▶ **Aim of the exercise**: Only some lines are wanted: please transcribe exactly those from the one containing "[Emissões de gases" through the end of the data, pictures excluded.

▶ **Given material**:
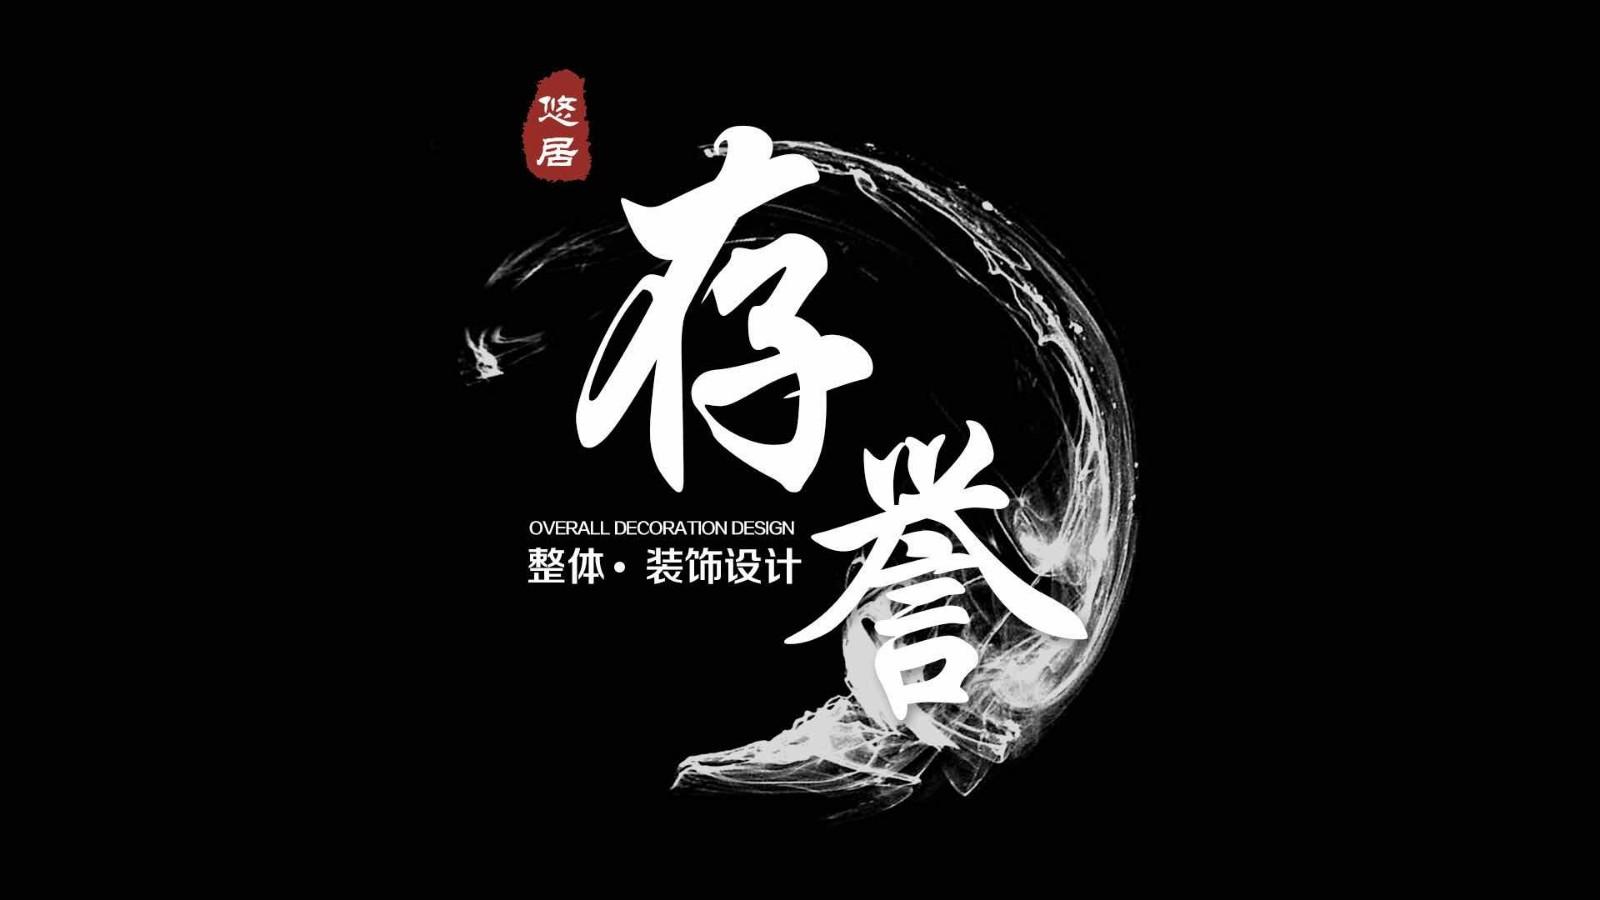 江苏存誉悠居装饰设计有限公司
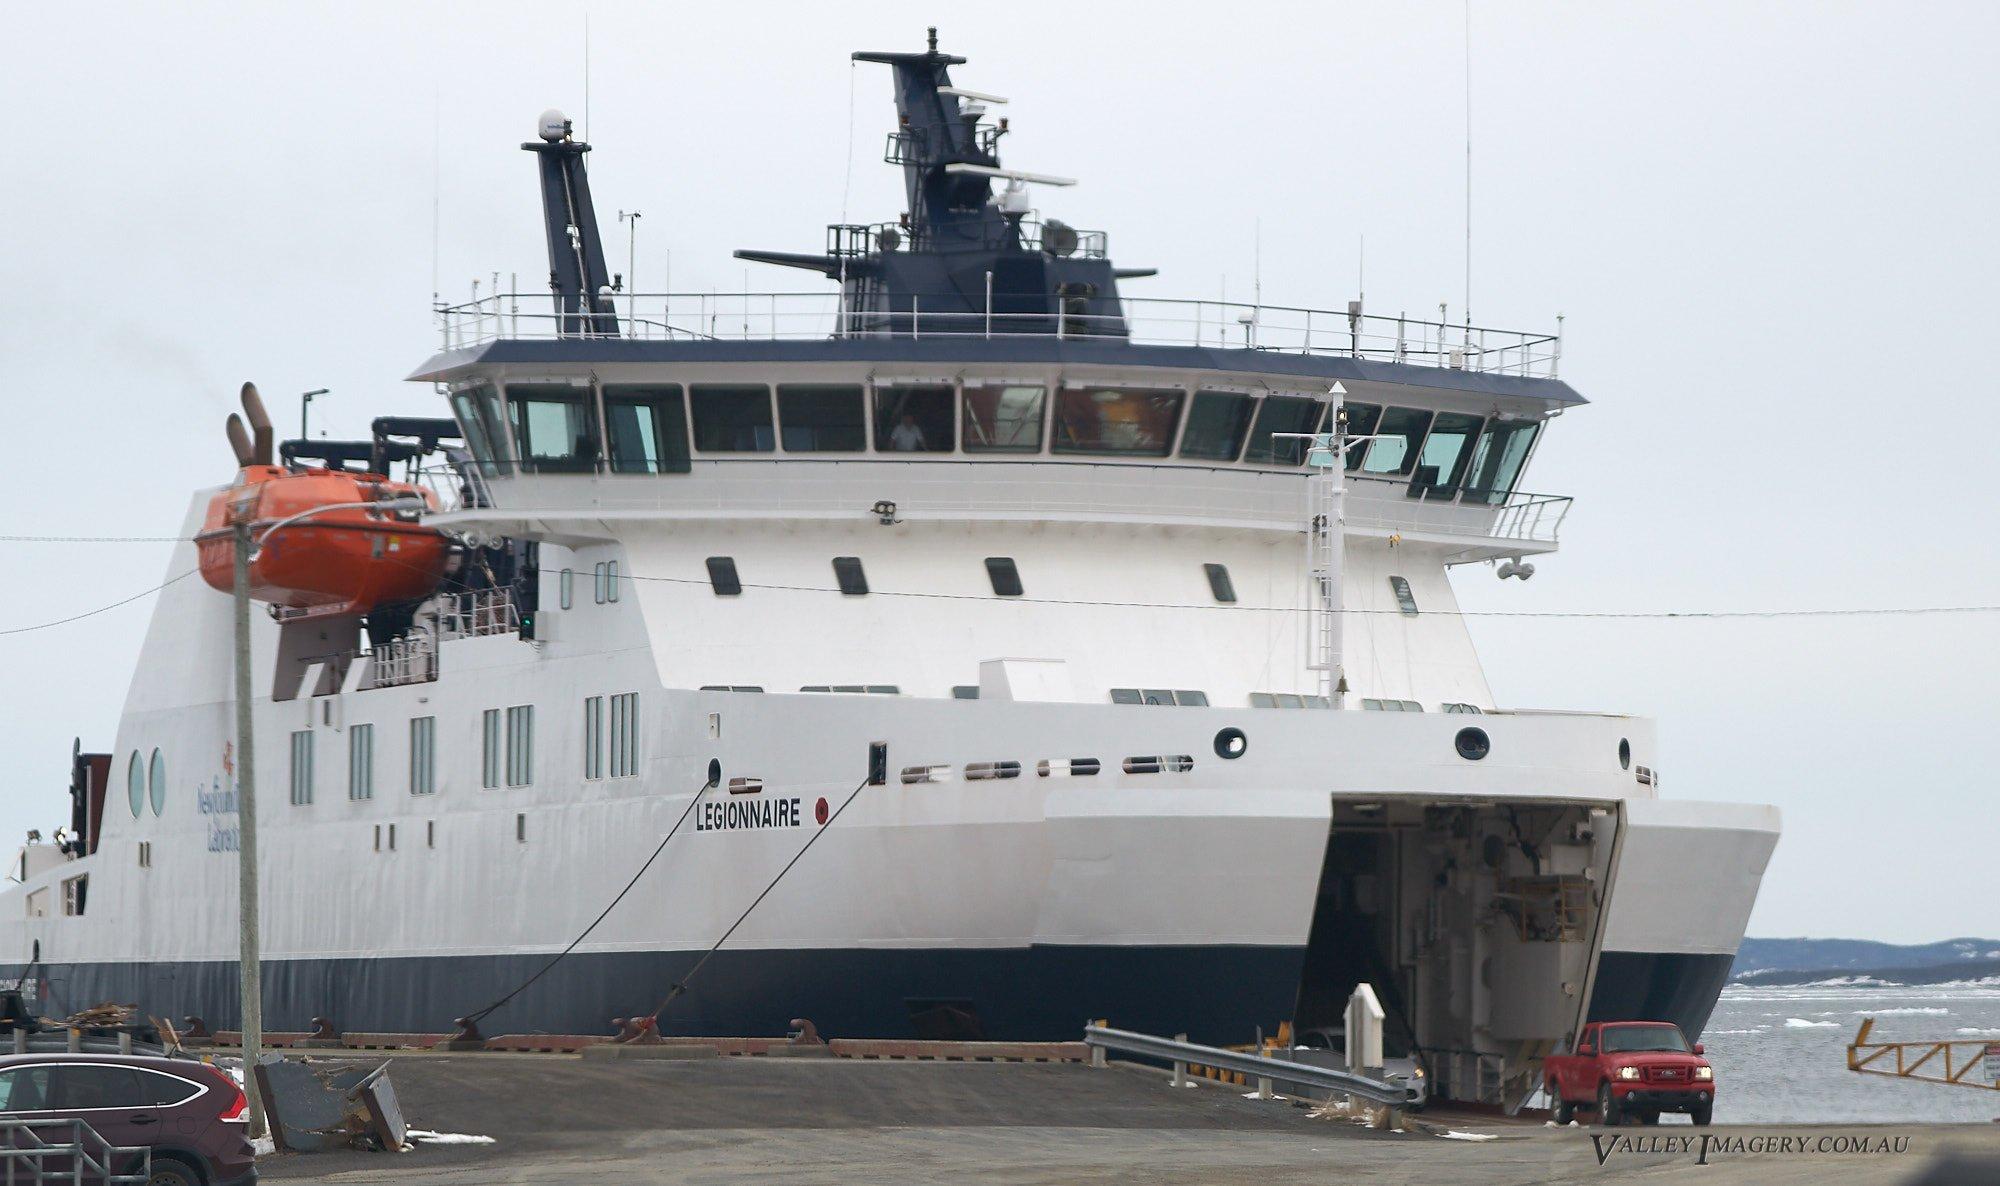 The Fogo Island Ferry
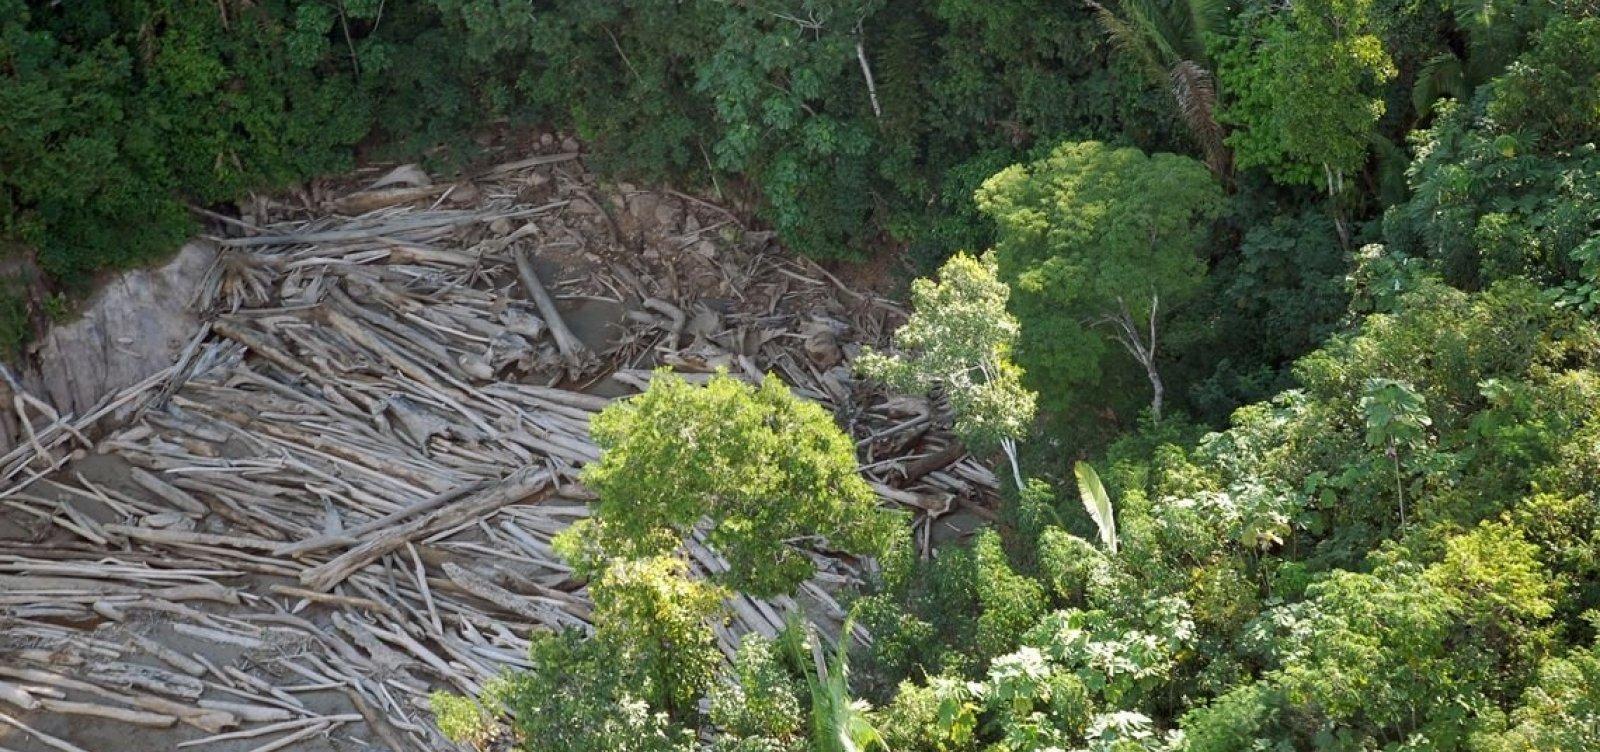 [Emissões de gases do efeito estufa no Brasil caem em 2017]
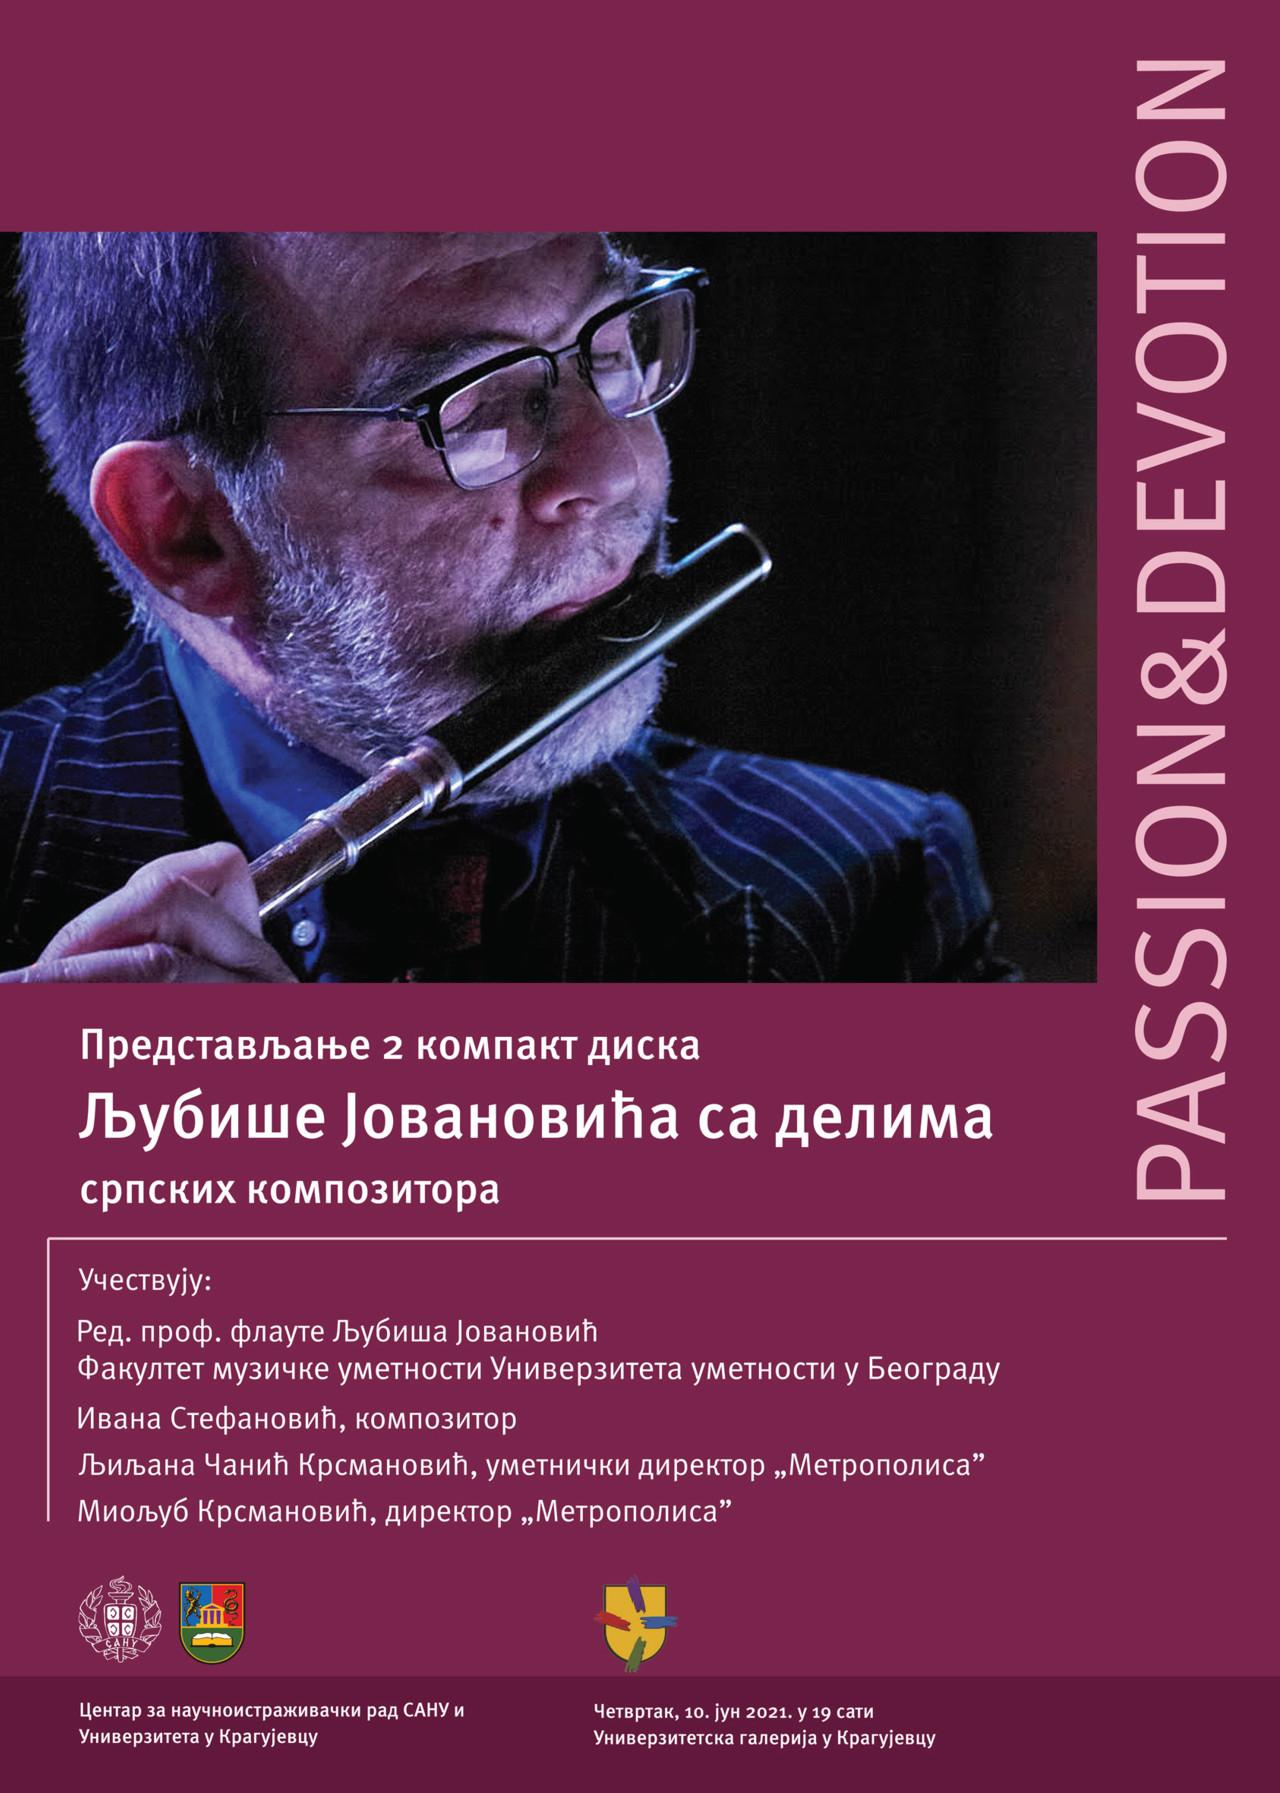 """Promocija albuma """"PASSION&DEVOTION"""", prof. Ljubiše Jovanovića"""

▶ **Exercise result**:
 [Emissões de gases do efeito estufa no Brasil caem em 2017]
 """Promocija albuma """"PASSION&DEVOTION"""", prof. Ljubiše Jovanovića"""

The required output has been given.